After all, one of the most famous memorials in Detroit is the monument to Joe Louis, otherwise known as The Fist.

The two celebrities mingled with 50 youths at the Downtown Boxing Gym on the east side during a taping of Ray’s TV show.

Even Ray was impressed with the world champ.

“He’s so handsome,” she told staffers off camera.

Ray didn’t come empty-handed to the party, where numerous cameras watched the youths train and box.

She presented the gym with a renovated kitchen boasting a new refrigerator, stove, cabinets, counters and chairs.

The only thing old in the kitchen were the numerous trophies won by the young boxers through the years.

Madison McQueen, 13, said she liked the new kitchen but cooking isn’t her favorite pastime. Boxing is.

“I do my work and still box, all in one,” she said about combining her homework with her favorite sport.

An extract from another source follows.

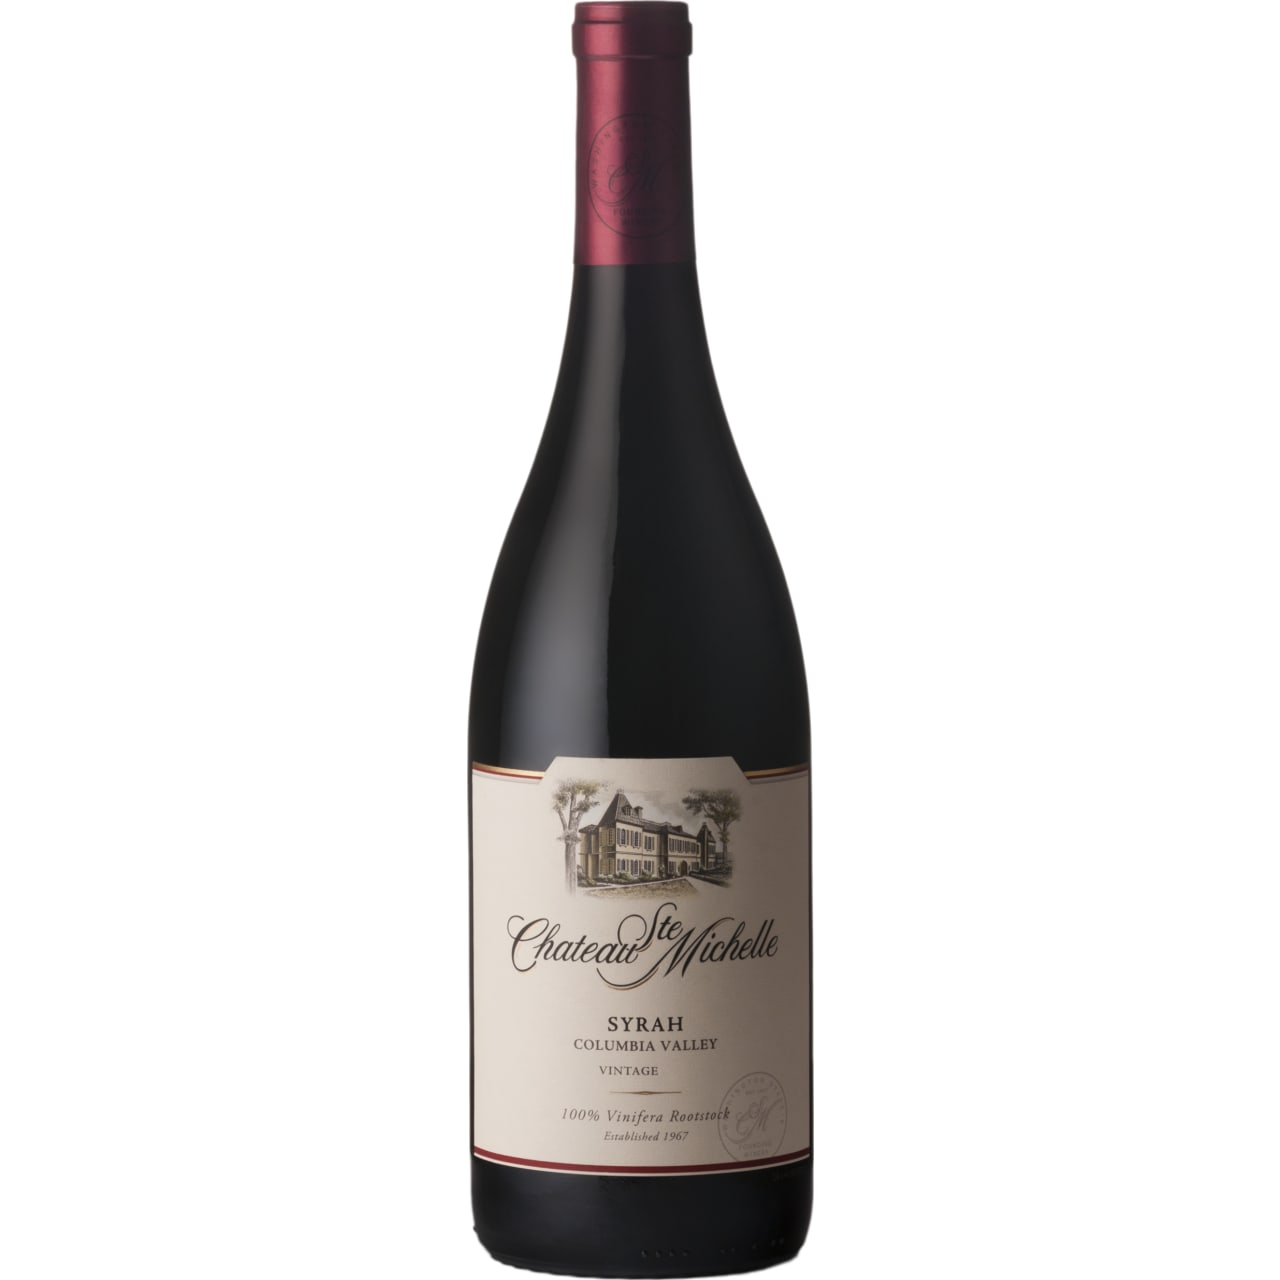 An inviting velvety texture, brimming with red and dark berry flavours.

Her twin, Brooklyn, also fights. Thesisters joined the club four months ago.

Madison is the better fighter, said Brooklyn.

“I get shy in the ring, but she’s not shy at all,” said Brooklyn.

After watching and speaking with the youths for an hour, Ray said she had a special announcement.

As Holyfield walked in, the mouths of some kids hung open. As excited as they were, their parents were even more tickled.

The champ told stories from his youth, including a trainer who told the 8-year-old Evander he would be like Muhammad Ali one day.

Holyfield told his mom, who was more than a little surprised by the prediction.

Still, his mother believed in him and said, no matter how good he boxed, he still needed to get an education.

“Boxing let me be the person I am today,” he told the group.

Ray said the education part of the story was just as important.

“Work is a good four-letter word,” she said.

The action then moved to one of the gym’s two rings where Holyfield, who removed his jacket, offered tips to the young fighters.

He told one young fighter to keep up his left hand so he wouldn’t be hit. He told another boxer to stop slapping his opponent, and put his weight into his punches.

He told a third pugilist to get on his toes because flat-footed fighters are losing fighters.

The young combatants took his tough love to heart.

Holyfield turned down an offer to don boxing gloves.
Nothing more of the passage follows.